Benchmarks
Create, inspect, run, and remove benchmarks over HTTP.
Benchmarks tie datasets and scorers to repeatable evaluation runs. These endpoints mirror what the TypeScript SDK exposes as Benchmark resource methods.
Base path: /api/v1/benchmarks. Authenticate as described in HTTP authentication.
List and create
List benchmarks
GET /api/v1/benchmarks
Returns JSON listing benchmarks visible to the authenticated project and organization.
Create benchmark
POST /api/v1/benchmarks
- Body: JSON with at least the fields required by your workspace (for example name, dataset reference, and scorers configuration).

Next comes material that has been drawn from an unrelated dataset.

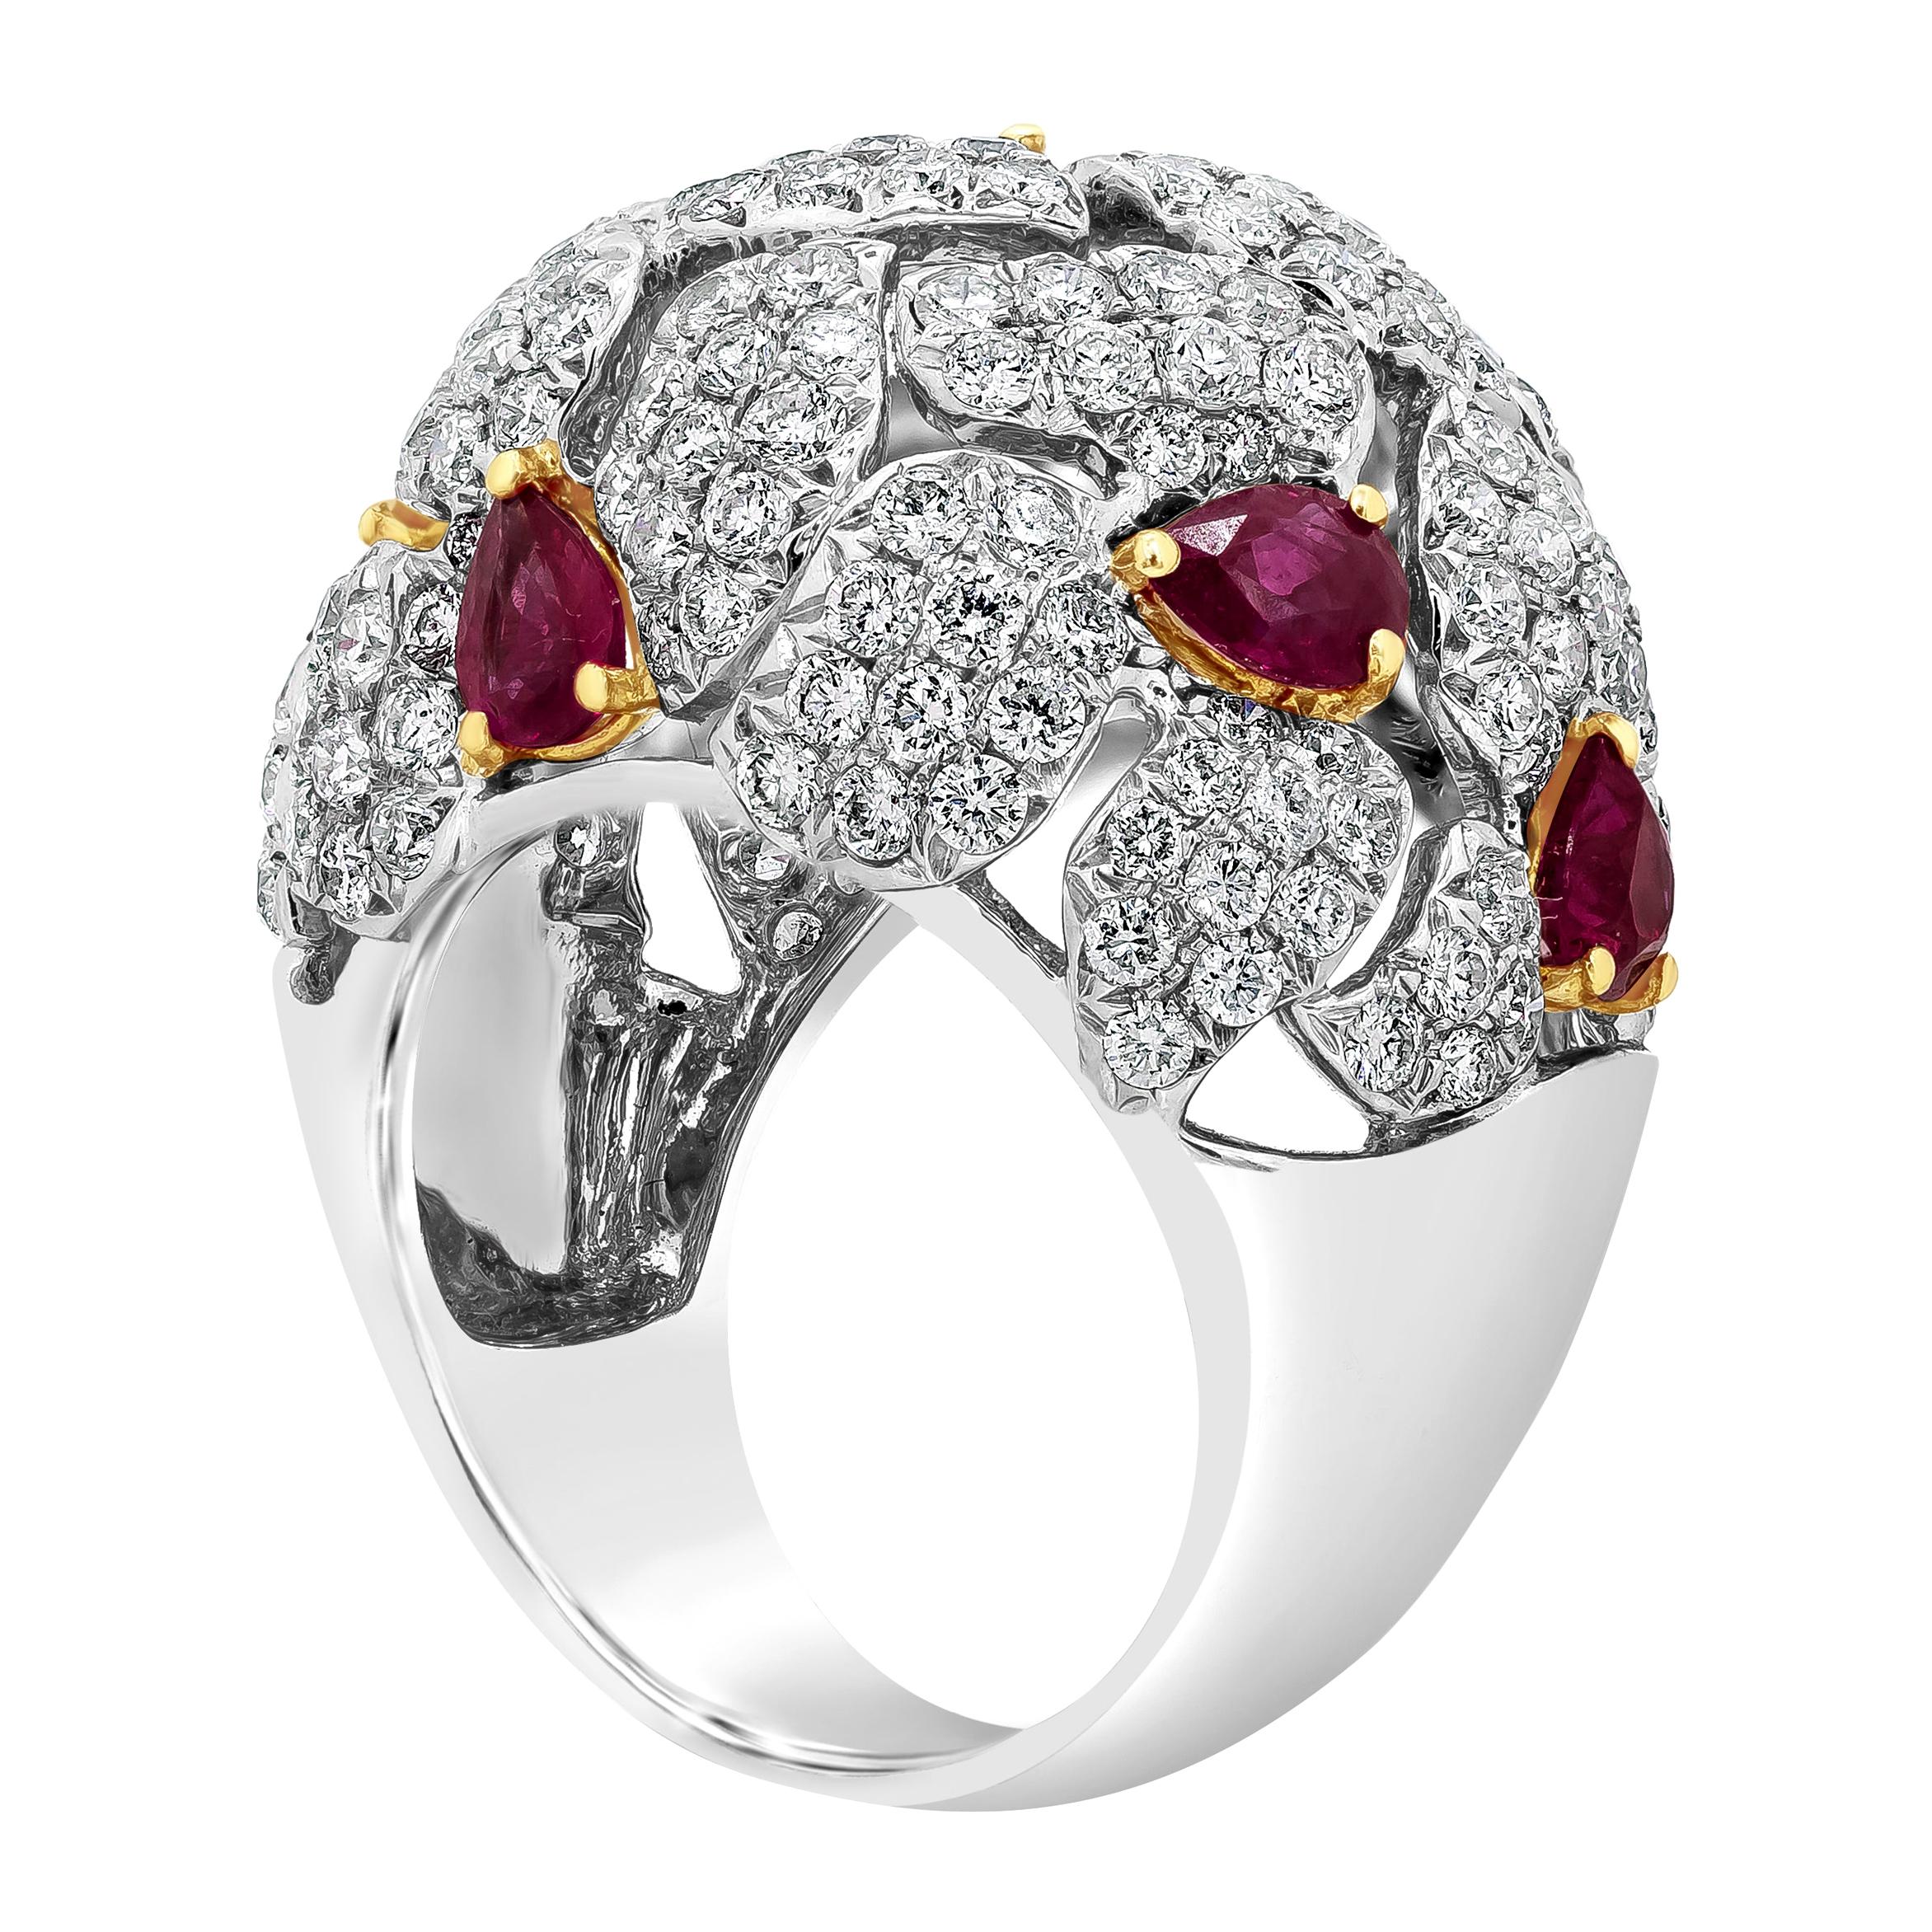 Ein sehr schöner und modischer Ring mit einem Cluster runder Brillanten, akzentuiert mit leuchtenden birnenförmigen Rubinen, gefasst in einer kuppelförmigen durchbrochenen Fassung aus 18 Karat Weißgold. Die Diamanten wiegen insgesamt 3,76 Karat, die

- Returns: JSON describing the created benchmark, including its id for follow-up calls.
Single benchmark
Replace {id} with the benchmark id.
| Method | Path | Purpose |
|---|---|---|
| GET | /api/v1/benchmarks/{id} | Fetch configuration and status for one benchmark. |
| DELETE | /api/v1/benchmarks/{id} | Remove the benchmark from the project. |
Start a run
POST /api/v1/benchmarks/{id}/start
- Body: Optional JSON arguments depending on your evaluation setup (for example row subset, experiment flags, or runner options supported by the product).
- Effect: Schedules or starts benchmark execution according to server rules and quota.
Poll the benchmark GET route or inspect the tasks route below to monitor progress.
Tasks
GET /api/v1/benchmarks/{id}/tasks
Returns JSON describing outstanding and completed work units (tasks) associated with the benchmark run, suitable for progress UIs or batch orchestration.
Best practices
- Idempotency: starting the same benchmark twice may enqueue duplicate work; guard with client-side locks or check status first.
- Cost: benchmark runs can invoke generative models and scorers; monitor usage while iterating.
- SDK: prefer Benchmark helpers for typed requests and consistent error handling.